*Directions*. When a picture appears in the listing, leave it out and copy the rest exactly as it stands.

*Source material*.
-------------------------

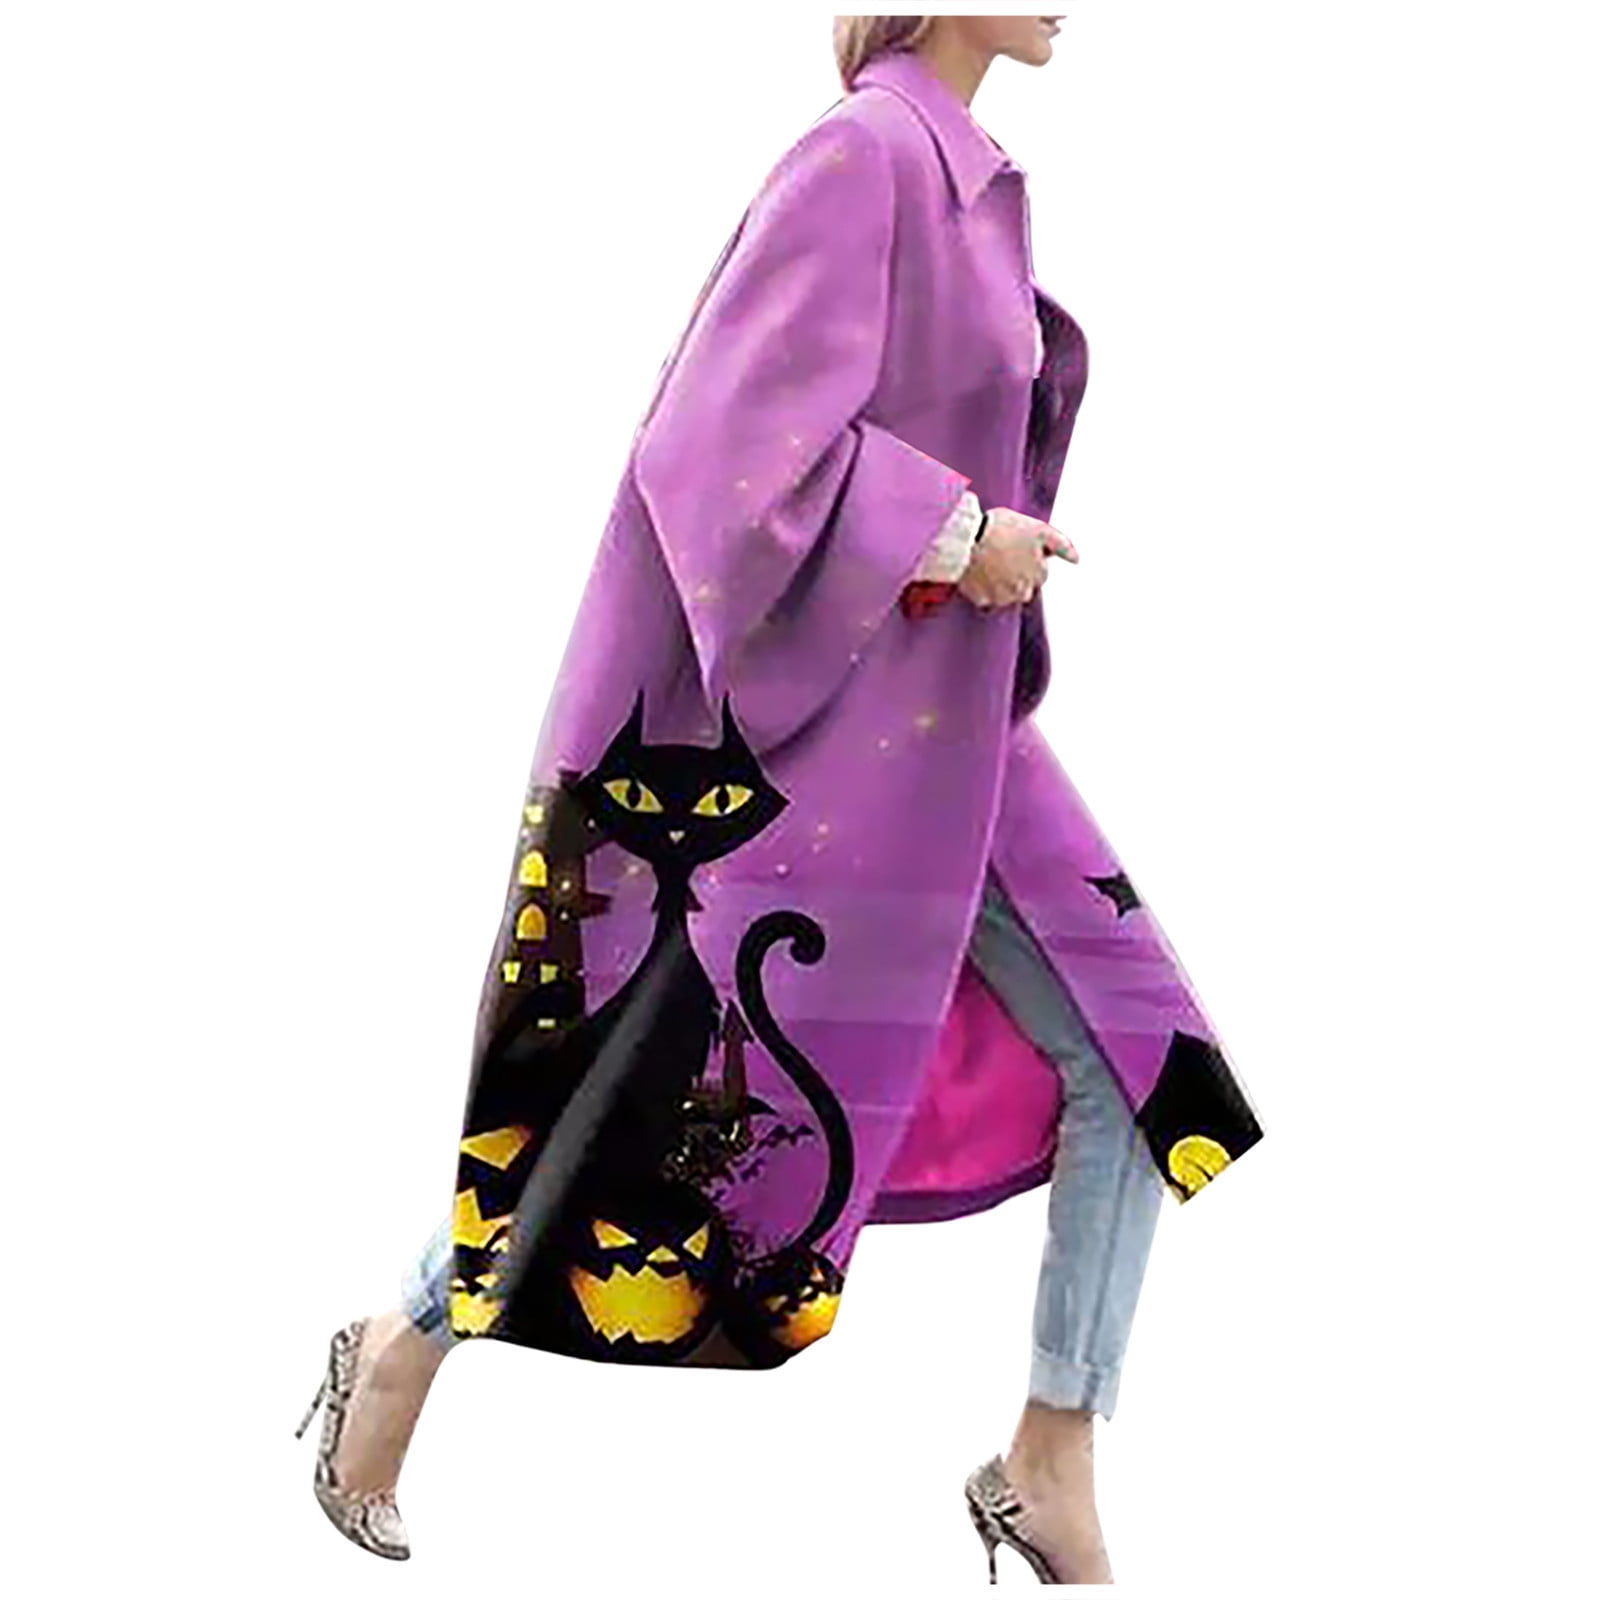 QIPOPIQ Clearance Jackets for Women Fashion Women Printed Pocket Jacket  Outerwear Cardigan Overcoat Long Trench Coat 
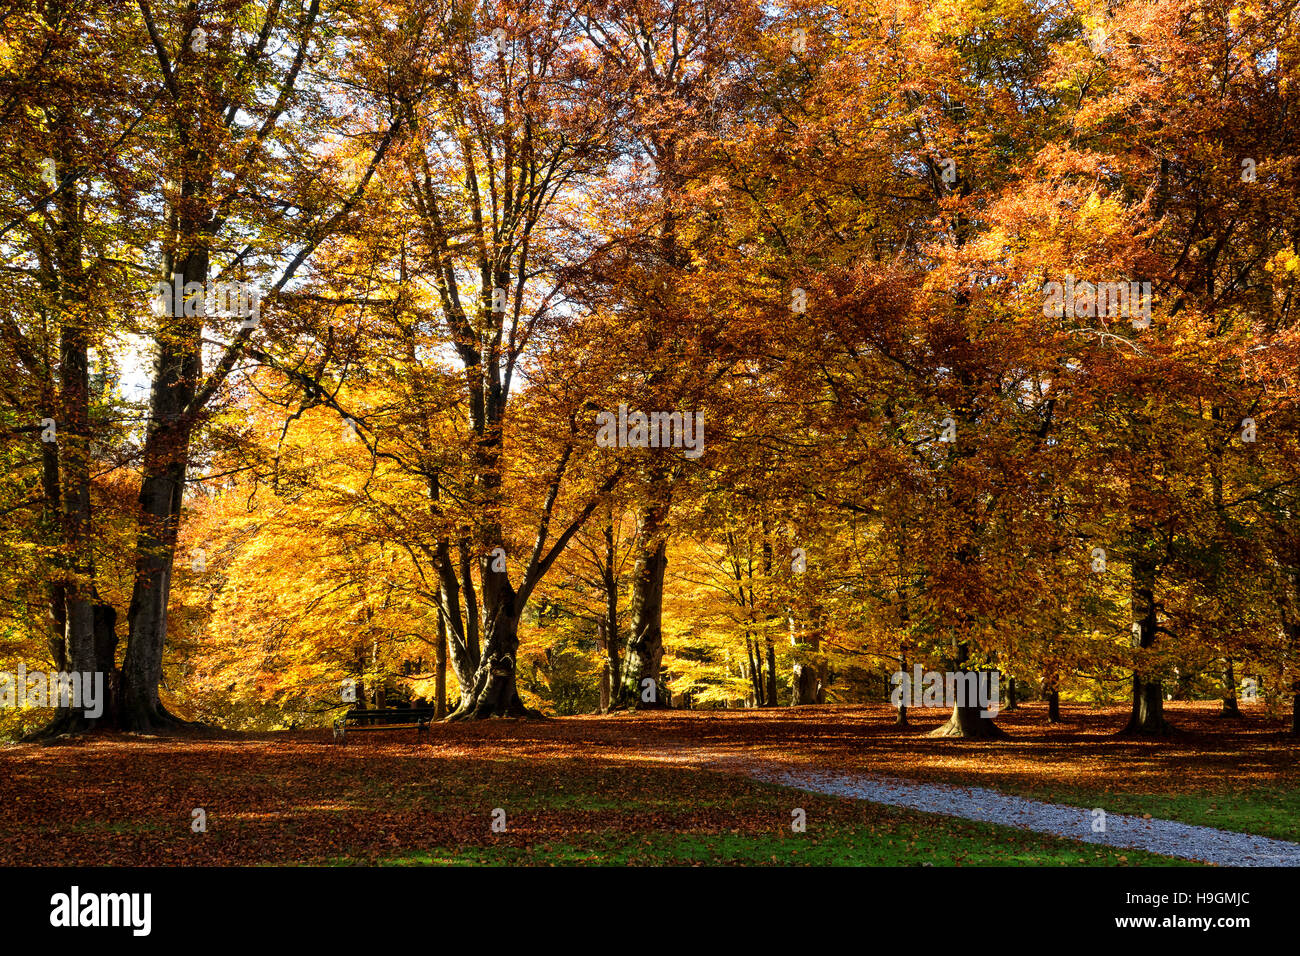 autumn season scenic in a park Stock Photo
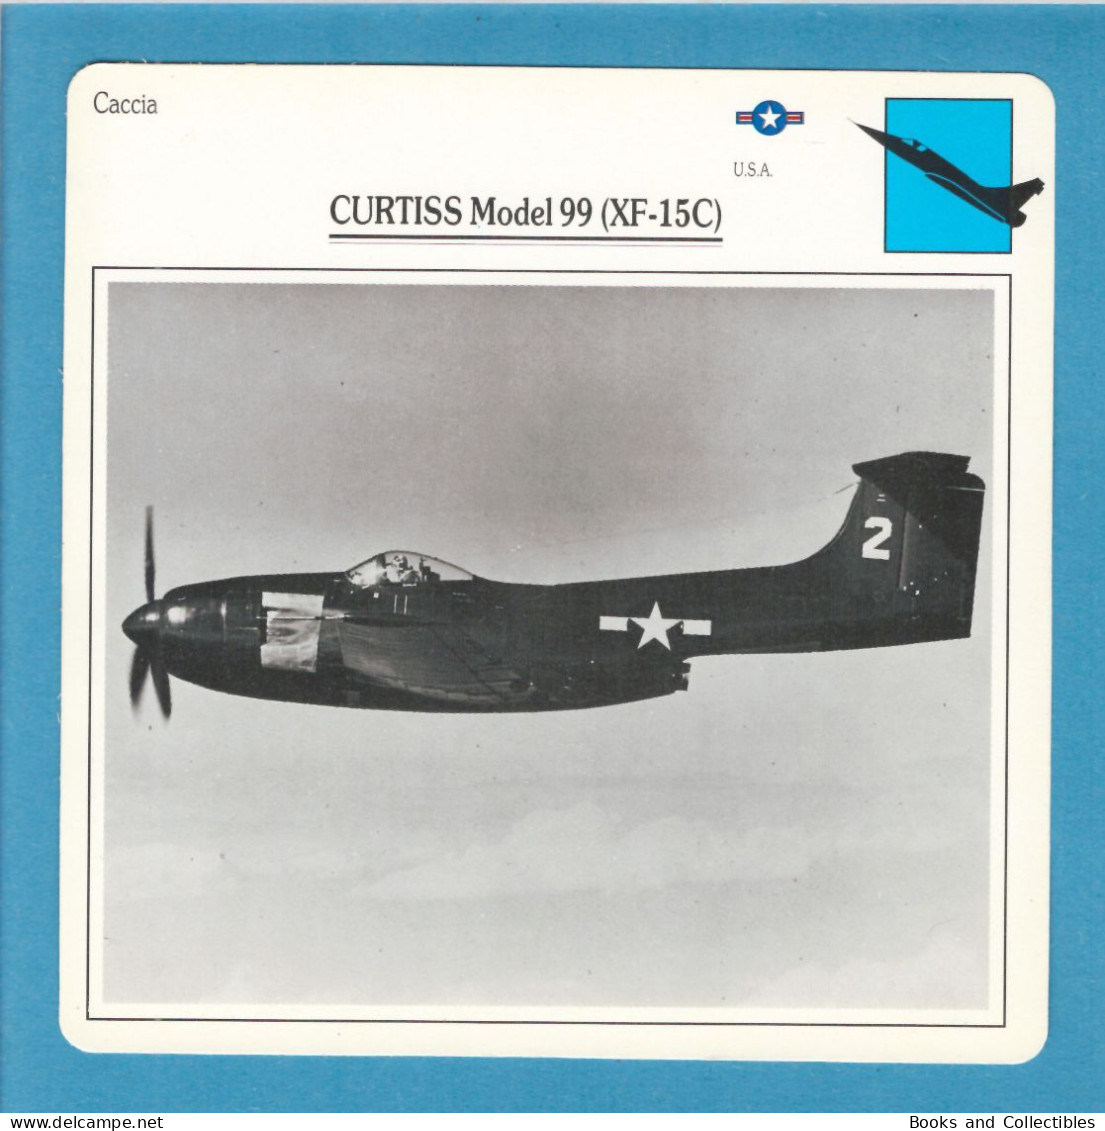 DeAgostini Educational Sheet "Warplanes" / CURTISS Model 99 XF-15C (U.S.A.) - Aviation
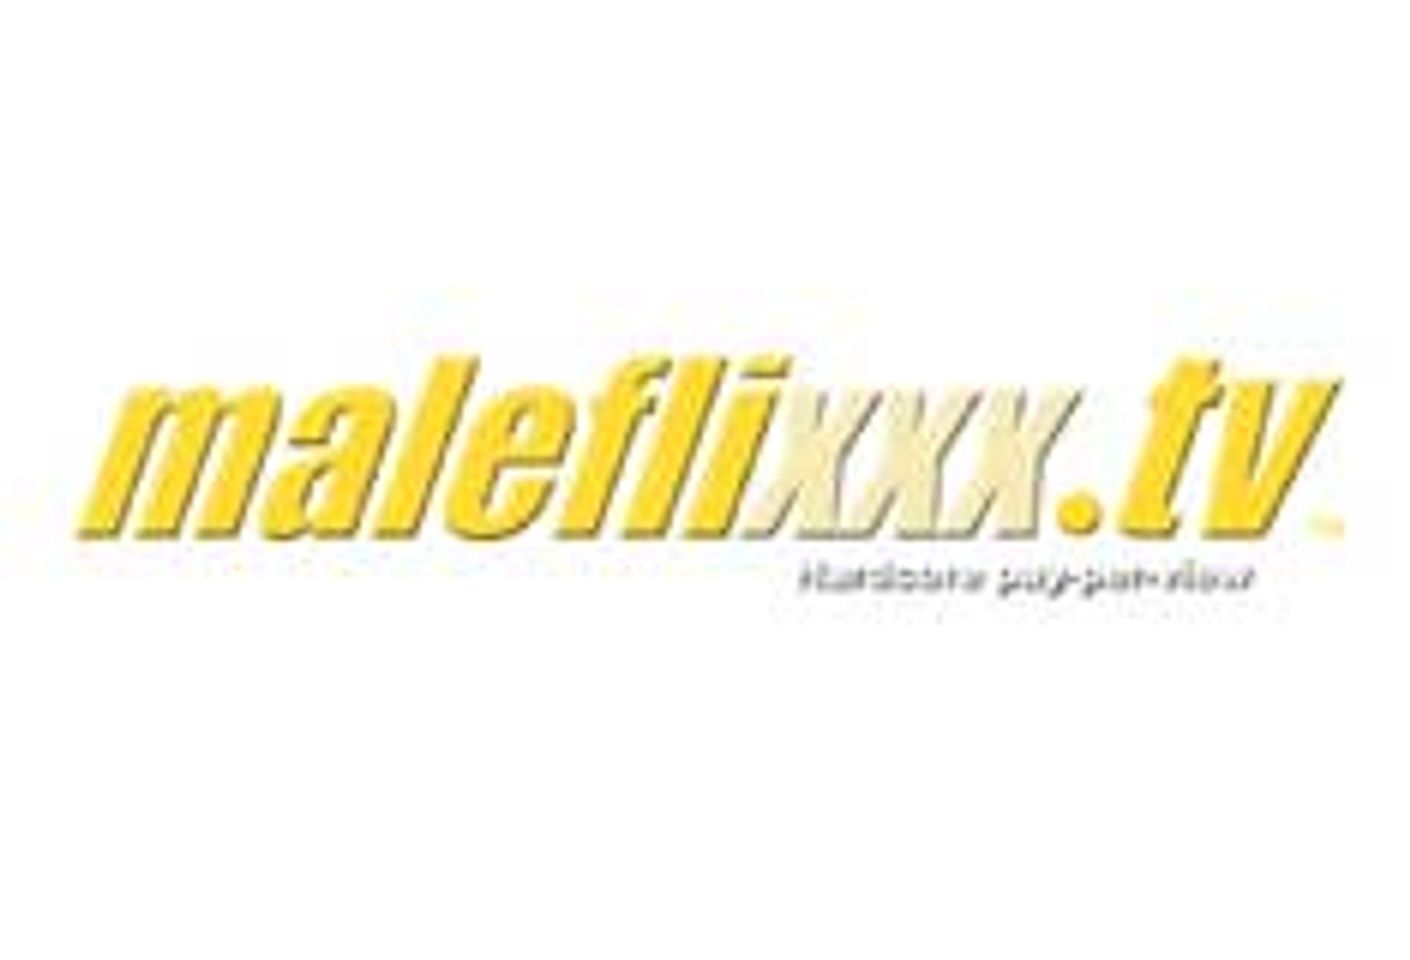 Maleflixxx Lands Exclusive Rights to WrestleHard.com Content

-------------------------

*Result*.
 QIPOPIQ Clearance Jackets for Women Fashion Women Printed Pocket Jacket  Outerwear Cardigan Overcoat Long Trench Coat 
 autumn season scenic in a park Stock Photo
 DeAgostini Educational Sheet "Warplanes" / CURTISS Model 99 XF-15C (U.S.A.) - Aviation
 Maleflixxx Lands Exclusive Rights to WrestleHard.com Content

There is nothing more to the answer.